利用実態の9割はコーディング以外 — 公式データが示す主戦場

「Coworkは開発ツールの派生」という見方は、実際の使われ方のデータと合いません。Anthropicが約120万件のCoworkセッションを匿名化して分析した公式レポートでは、利用の90%超がソフトウェア開発以外で、最大カテゴリは「業務プロセス・オペレーション」(散在する情報のレポート化、チェックリスト作成、スプレッドシートの照合など・33.4%)、次いで「コンテンツ制作」(ドラフト・スライド・提案書の作成など・16.4%)と報告されています。ソフトウェア開発そのものは1割未満でした。つまりCoworkの実像は、「誰の担当とも決まっていないが誰かがやるしかない事務作業」の受け皿です。検索でこの機能にたどり着いた非エンジニアの方は、まさに想定どおりの利用者層といえます。

Claude Coworkに任せられる作業の流れ — ファイル操作・アプリ連携・タスクの自律遂行

Claude Coworkでできることは、(1)ローカルフォルダ内のファイルを読み書きする事務作業の代行、(2)コネクタ・プラグインによる外部アプリ(Slack・Google Drive等)との連携、(3)クラウド実行による予約タスク・作業の継続、の3層で整理できます。共通するのは、「散らばった材料を集めて、整理して、成果物の形に仕上げる」定型フローを丸ごと任せられることです。例えば「このフォルダの領収書画像を読み取って経費一覧のスプレッドシートにまとめて」「過去の議事録から未完了の宿題を拾ってレポートにして」といった、複数ファイルをまたぐ作業が典型です。1件ずつは小さくても回数が多い作業ほど、委任の効果が大きくなります。

Claude Coworkの構成要素を示す解剖図。

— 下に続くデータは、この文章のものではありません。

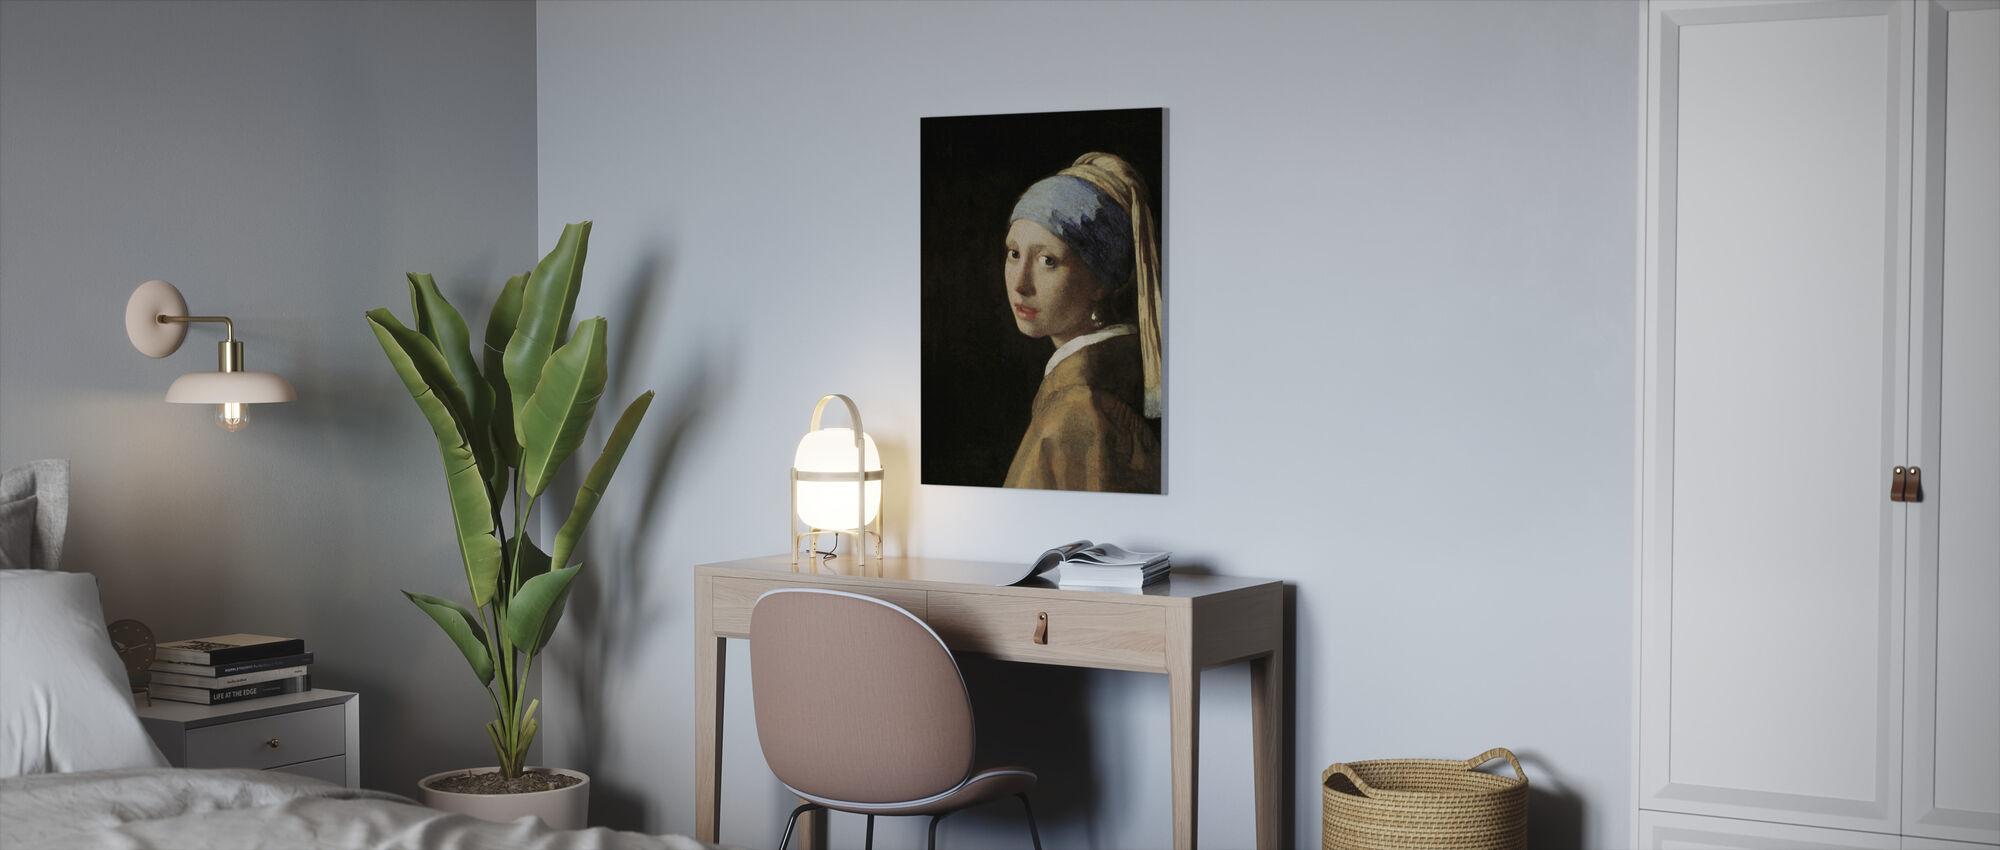 Tyttö, jossa Helmi Korvakoru, Jan Vermeer - Canvastaulu - Toimisto
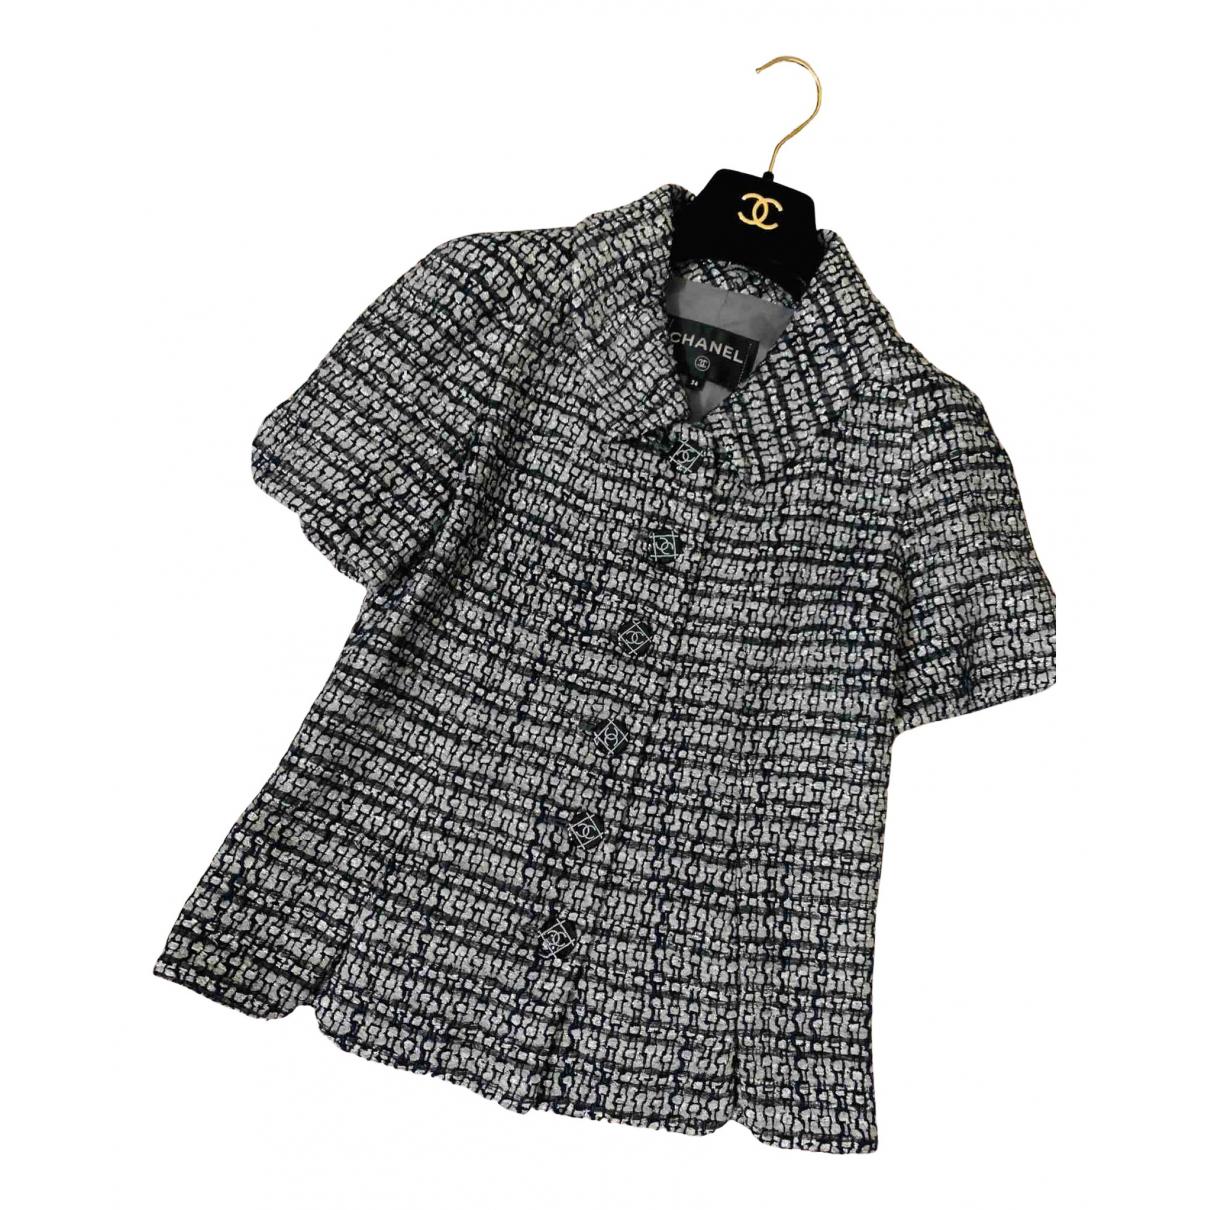 Chanel - Veste   pour femme - multicolore

中心のCowork本体に対して、作業対象となるローカルフォルダ、SlackやGoogle Drive等のコネクタ・プラグイン、実行前に人が確認する作業計画の承認、クラウド上での予約実行という4つの要素がつながる関係を示す

対応ファイル形式とローカルフォルダでの作業

Coworkの作業単位は「アクセスを許可したフォルダ」です。その中にあるPDF・Word・Excel・PowerPoint・CSV・画像などの資料を読み取り、整理・抽出・変換・作成を行います。成果物はチャット欄の文章ではなく、.docx・.xlsx・.pptx・.pdfといった実ファイルとして許可フォルダに出力されると報告されています。実務でイメージしやすい例を挙げると、ダウンロードフォルダの数百ファイルを種類別に整理する、複数の請求書PDFから金額と日付を抽出して一覧化する、調査メモを1本の報告書ドラフトに統合する、といった作業です。将来的には経理・法務など職種別の定型業務への応用も広がるとみられますが、職種別の具体的な活用手順は本記事では割愛します。

Slack・Google Drive等の外部アプリ連携(コネクタ・プラグイン)

ローカルフォルダの外に対しては、コネクタとプラグインで接続を広げます。Anthropicは公式ブログで、部門ごとの業務に合わせたプラグインを紹介しており、Google Workspace(Gmail・Drive・カレンダー)・Slack・Notion・GitHub・Salesforce・DocuSignなど多数のサービスと接続できると報告されています。これにより「Slackの今週のやり取りとDriveの資料を突き合わせて進捗レポートを作る」のように、アプリをまたいだ情報収集と成果物作成を1つの指示で任せられます。ただし接続範囲が広がるほど、後述するアクセス権限の設計が重要になります。連携は「便利さ」と「AIが見られる情報の範囲」を同時に広げる設定だと理解しておくことが大切です。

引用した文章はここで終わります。